We’ve already discussed one anisotropic medium, the ionosphere.  A common anisotropic crystal found in elementary labs is calcite, CaCO3, whose strange optical properties are readily observed by putting a crystal on top of anything$—$there is a double image!  More spectacularly, a laser beam entering a calcite crystal will be split into two, and two parallel beams come out.
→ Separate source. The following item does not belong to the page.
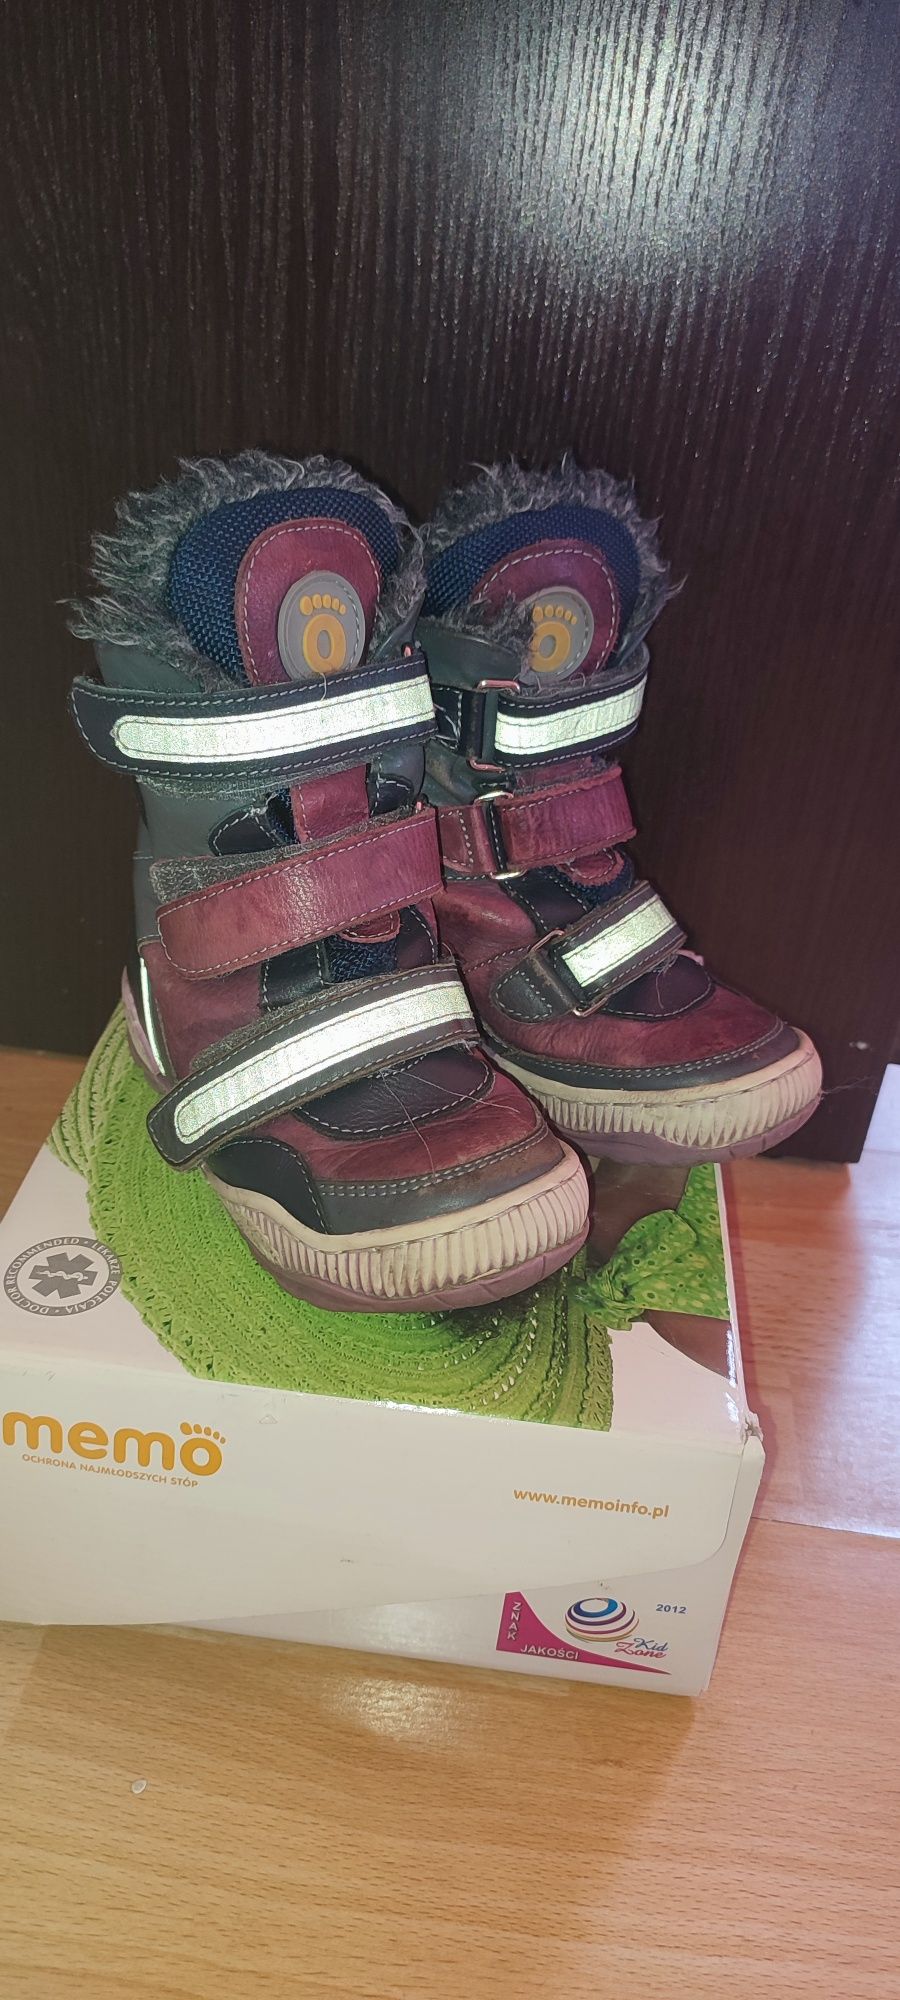 Ciepłe buty zimowe korekcyjne dziecięce r 26 Memo

In this picture, from Wikipedia, the blue laser light is only visible outside the crystal, from dust particle scattering. (The orange rays are fluoresence inside the crystal.)

## Wave Vector and Energy Flow

Suppose we have a monochromatic plane wave in a transparent linear medium having the magnetic properties of the vacuum, but with a non-isotropic permittivity (a 3x3 tensor), that is:

${D}_{i}={\epsilon }_{ik}{E}_{k},\text{ }\stackrel{\to }{B}={\mu }_{0}\stackrel{\to }{H}.$

This means that the vector $\stackrel{\to }{D}$ is not, in general, parallel to $\stackrel{\to }{E}.$  Physically, it means the molecules polarize more easily in response to electric fields in particular directions.
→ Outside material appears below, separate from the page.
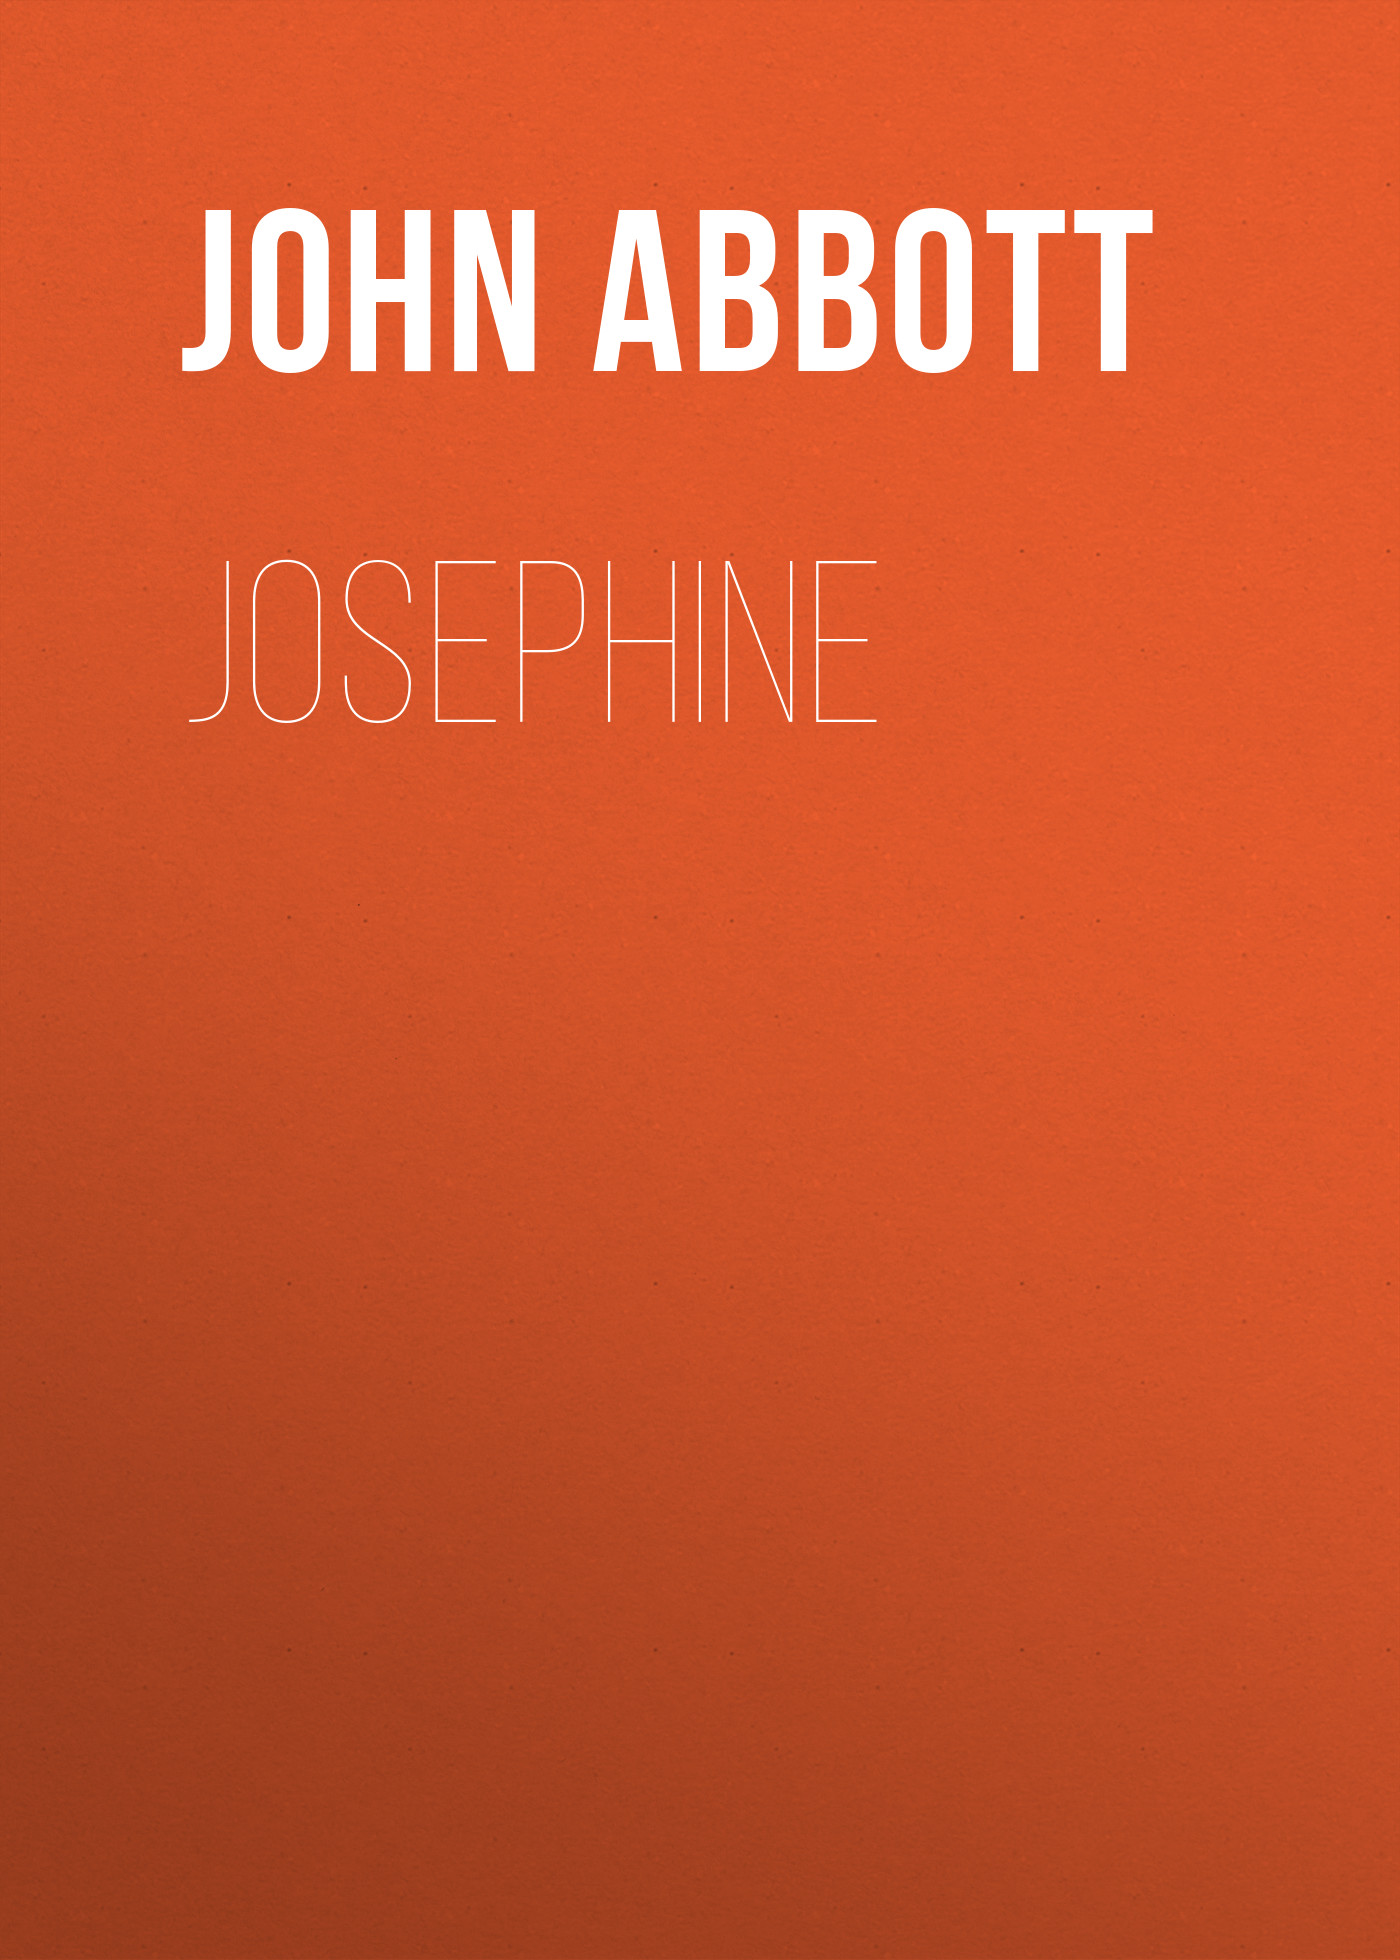 Книга Josephine из серии , созданная John Abbott, может относится к жанру Зарубежная старинная литература, Зарубежная классика, Историческая литература. Стоимость электронной книги Josephine с идентификатором 24174212 составляет 5.99 руб.

Taking all quantities to be proportional to ${e}^{i\left(\stackrel{\to }{k}\cdot \stackrel{\to }{r}-\omega t\right)},$  Maxwell's equations

$\stackrel{˙}{\stackrel{\to }{D}}=-\stackrel{\to }{\nabla }×\stackrel{\to }{H},\text{ }\stackrel{˙}{\stackrel{\to }{B}}=\stackrel{\to }{\nabla }×\stackrel{\to }{E},\text{ }\text{ }$

for this plane wave are:

$\omega \stackrel{\to }{D}=-\stackrel{\to }{k}×\stackrel{\to }{H},\text{ }\omega {\mu }_{0}\stackrel{\to }{H}=\stackrel{\to }{k}×\stackrel{\to }{E}.$

Staring at these equations, from the first $\stackrel{\to }{D}$ is perpendicular to $\stackrel{\to }{k}$ and $\stackrel{\to }{H},$ and from the second $\stackrel{\to }{H}$ is perpendicular to $\stackrel{\to }{k}.$

That is, $\stackrel{\to }{H},\stackrel{\to }{k},\stackrel{\to }{D}$ are all mutually perpendicular: see figure.
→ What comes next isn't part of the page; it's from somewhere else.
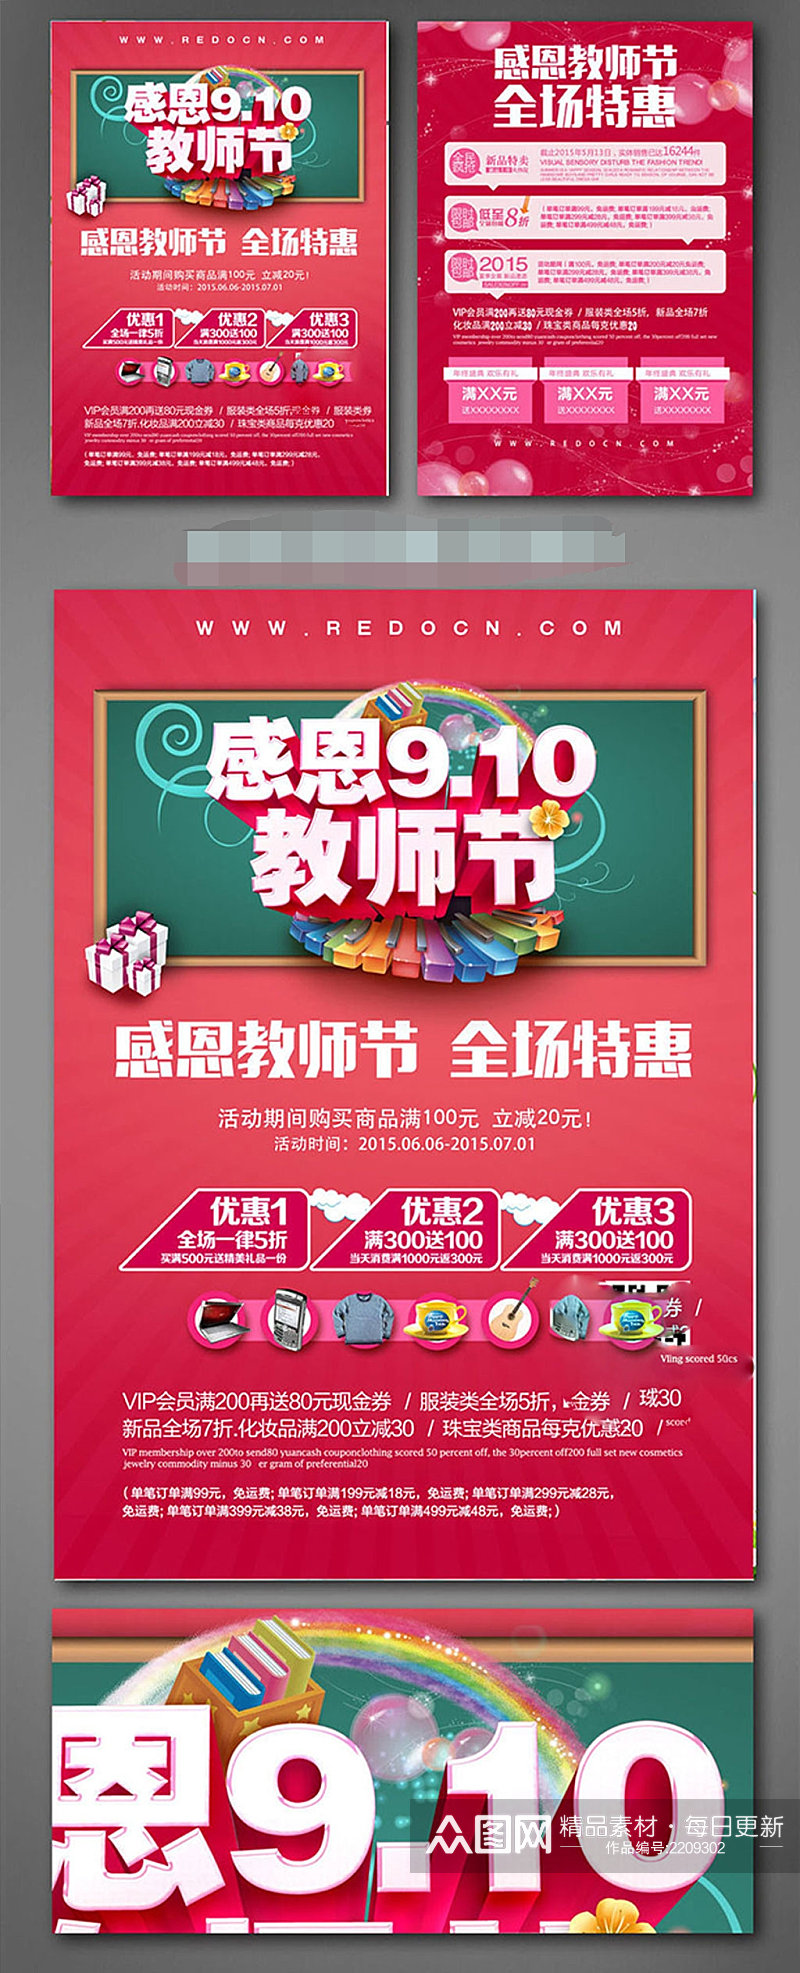 910教师节促销宣传单设计素材

Next, $\stackrel{\to }{E}$ is perpendicular to $\stackrel{\to }{H},$ from the second equation, so $\stackrel{\to }{E}$ must be in the $\stackrel{\to }{k},\stackrel{\to }{D}$ plane.

This means that since $\stackrel{\to }{E}$ is not parallel to $\stackrel{\to }{D},$ $\stackrel{\to }{E}$ is not perpendicular to $\stackrel{\to }{k}$.

It therefore follows that the direction of energy flow, $\stackrel{\to }{E}×\stackrel{\to }{H}$, is not in the same direction as the wave vector $\stackrel{\to }{k}$!

### The Wave Normal Vector

Following Landau, we define the dimensionless "wave normal" vector $\stackrel{\to }{n}$ by

$\stackrel{\to }{k}=\frac{\omega }{c}\stackrel{\to }{n}.$

In vacuum, where $\omega =ck,$ $\stackrel{\to }{n}$ would be a unit vector, and in an isotropic material, $\omega =vk,$ its length would be $\sqrt{\epsilon /{\epsilon }_{0}}.$  In an anisotropic medium, its length will vary with direction, as we’ll soon see.

The fundamental formulae now become (switching from $\stackrel{\to }{k}$ to $\stackrel{\to }{n}$ )

$c{\mu }_{0}\stackrel{\to }{H}=\stackrel{\to }{n}×\stackrel{\to }{E},\text{ }c\stackrel{\to }{D}=-\stackrel{\to }{n}×\stackrel{\to }{H}.$

(Notice that $\omega$ no longer appears in the equations.)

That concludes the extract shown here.